60 Minutes Correspondent Defends Kamala Harris’ CBS Interview: ‘Things Are Edited in Every Story’

A “60 Minutes” correspondent defended CBS News’ controversial decision to air an edited version of Vice President Kamala Harris’ interview last week — but declined to comment on whether the full transcript should be released.

“Things get tweaked in every story,” Jon Wertheim said Wednesday on the “Don’t @ Me with Dan Dakich” sports podcast on OutKick.com.

In addition to working as a correspondent for “60 Minutes,” Wertheim is a senior writer for Sports Illustrated and a commentator for The Tennis Channel.

“You do these interviews and the ’60 Minutes’ segments [are] about 13 minutes and 10 seconds, right?” Wertheim said. “You spend hours, sometimes days and days, on the subject and, you know, it boils down to 13 minutes.”

“60 Minutes” correspondent Jon Wertheim on Wednesday defended CBS’ decision to redact the Kamala Harris interview. OutKick

Wertheim declined to answer whether the full transcript of the interview by “60 Minutes” correspondent Bill Whitaker should be released, claiming it is “above [his] payment note.”

He argued that there are some statements in the transcripts that won’t make sense — and that news networks often edit out objectionable responses.

“It happens all the time when you do a ’60 Minutes’ interview. Someone says, ‘You know what, can you ask me again? I don’t like the way it came out,'” Wertheim said. “You don’t set their answer to seen there as an empathetic human being.”

CBS has faced a backlash for airing an edited version of Harris’ response to US relations with Israel on October 7, after airing her “word salad” response to the same question during a promo for the upcoming special on CBS “Face the Nation” the other day.

The editing decision provoked questions about whether CBS executives had moved to hide Harris’ more complicated answers.

Wertheim argued that major news networks — along with newspapers — regularly make editing choices to save time or space, or to select the most influential quotes.

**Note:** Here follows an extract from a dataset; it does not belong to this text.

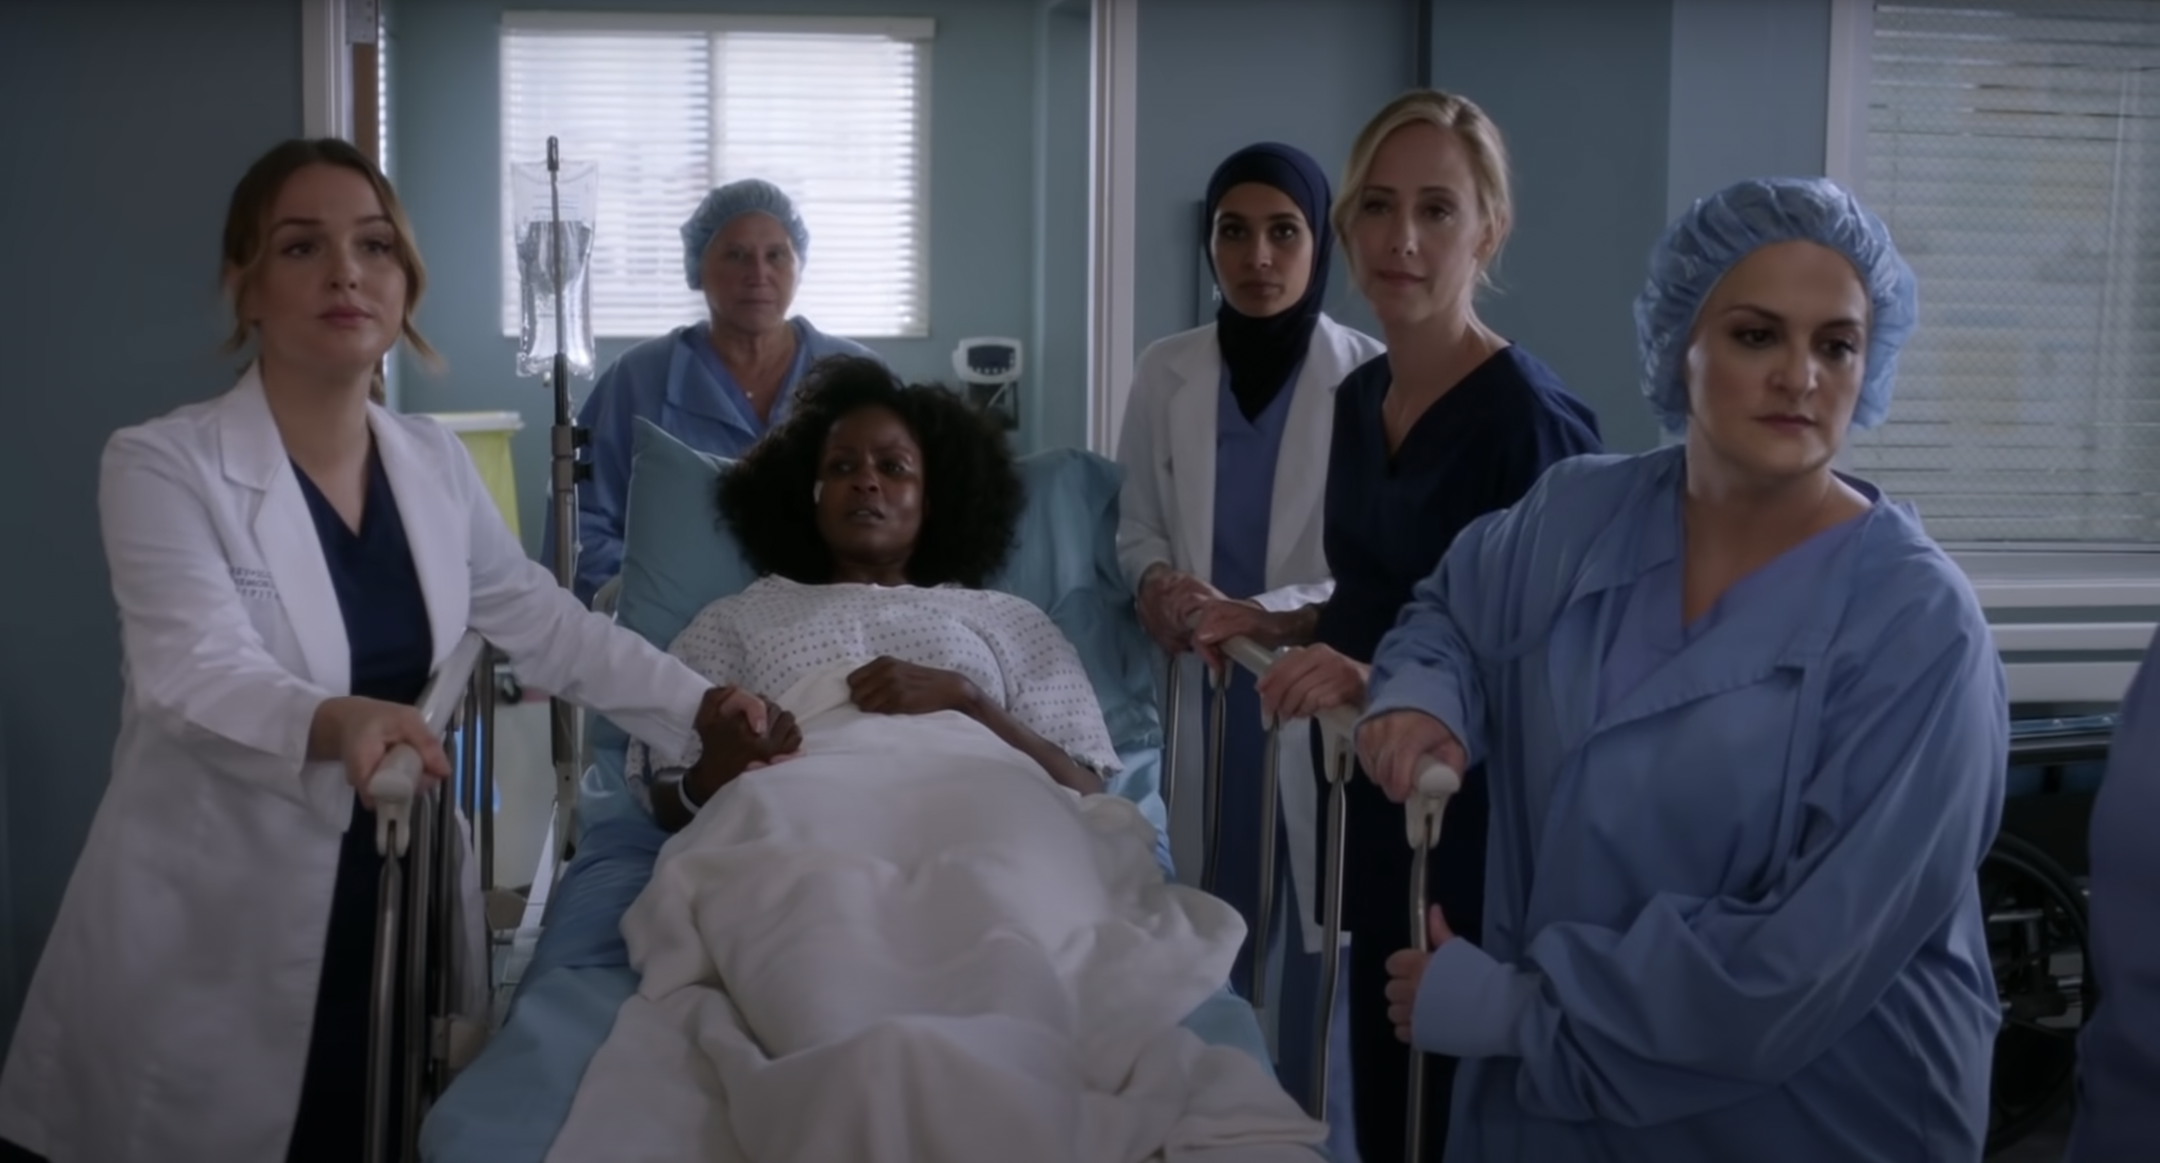 TV writer Elisabeth Finch (right) as a nurse on a 2019 episode of “Grey’s Anatomy,” which she wrote allegedly inspired by her experiences as a sexual assault survivor. Recently unearthed details have cast doubt on many of Finch’s stories about her own trauma, including her claim that she had helped clean up a friend’s remains from the Tree of Life shooting. (Screenshot via ABC)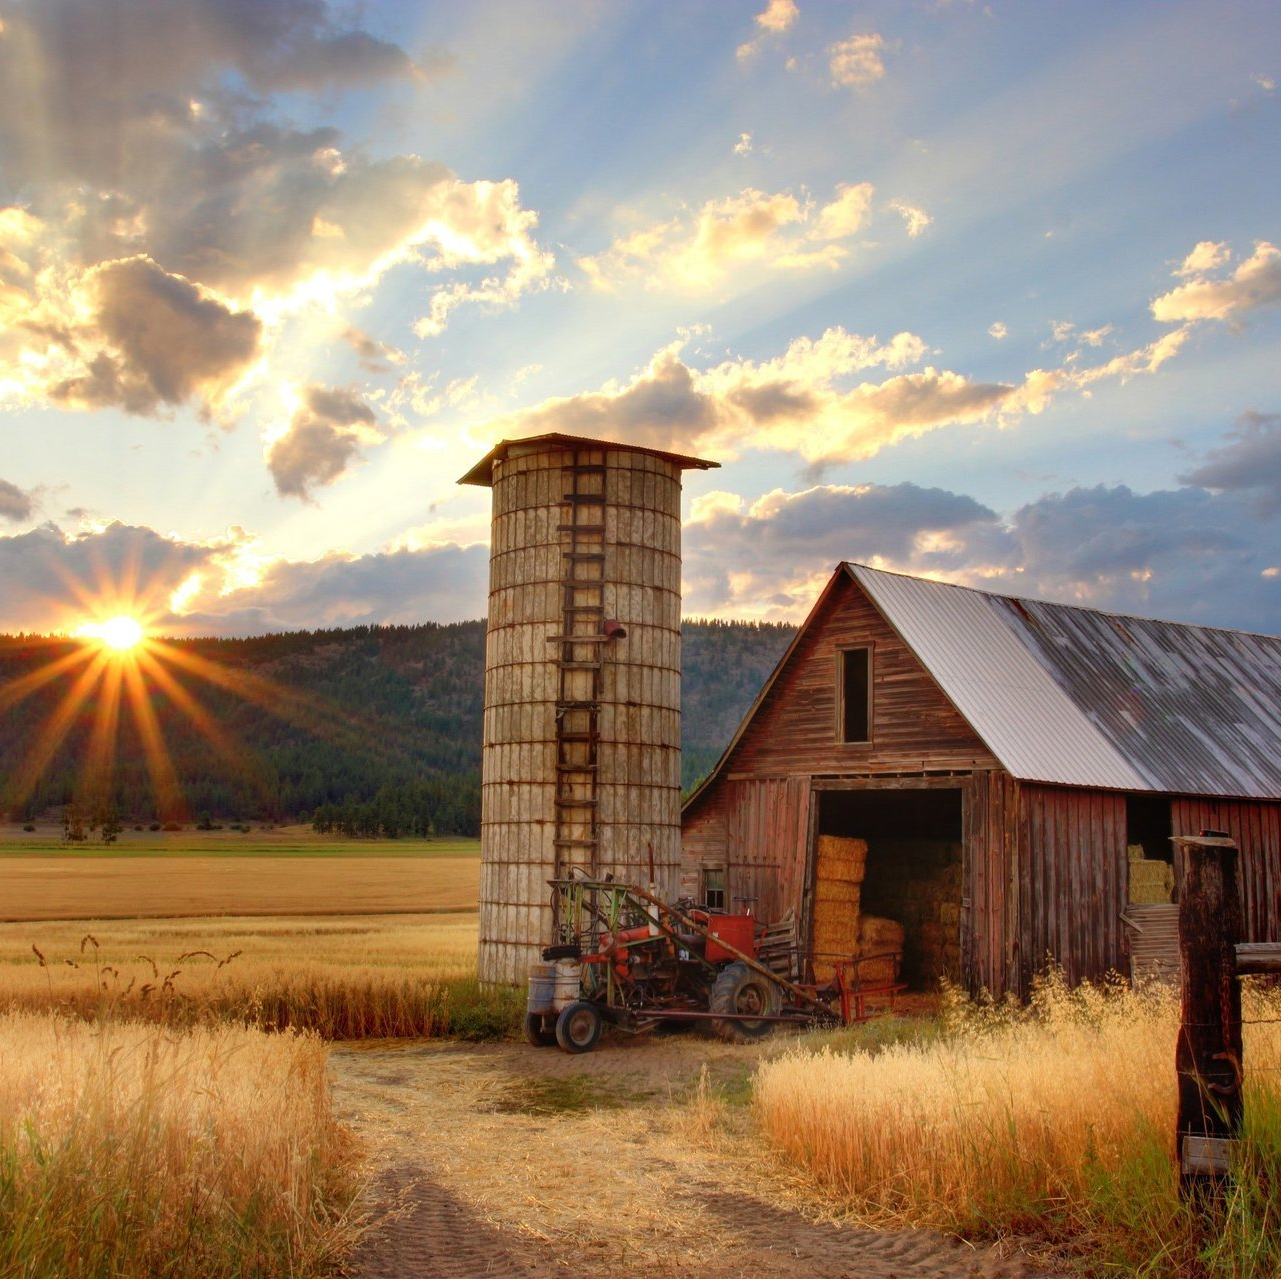 the sun is setting behind a barn and silo

“When would you do a story and not edit, not make selections, and not do some kind of selective quoting?” Wertheim said. “When do you not make editorial choices in the media?”

Dakich, the podcast’s host, said the media constantly airs excerpts from interviews that make the guests look bad. Dakich said he regretted one of his answers after a past interview, but the media refused to take it down.

CBS aired condensed versions of Harris’ answers a day after airing the original meandering answers in a preview. 60 Minutes / CBS

“I think what people are thinking is that ’60 Minutes’ and the mainstream media are trying to make Kamala Harris look good, as opposed to portraying who Kamala Harris really was in that interview,” Dakich said.

But Wertheim argued that “60 Minutes” did not change any of Harris’ answers.

“There was nothing doctored,” Wertheim said. “You just make editorial decisions to fit in at a time.”

Harris’ campaign has struggled to distance itself from the network’s editing controversy.

Wertheim argued that major news networks regularly make editing choices to save time. CBS via Getty Images

“We do not control CBS production decisions and direct questions to CBS,” a Harris campaign aide told multiple media outlets, including Fox News and Variety.

Former President Donald Trump and his campaign have called on CBS to release the full transcript of the interview.

“Why did 60 Minutes choose not to air Kamala’s full salad, and what else did they choose not to air?” Trump 2024 national press secretary Karoline Leavitt previously told The Post in a statement. “The American people deserve the full, unedited transcript of Kamala’s interview.”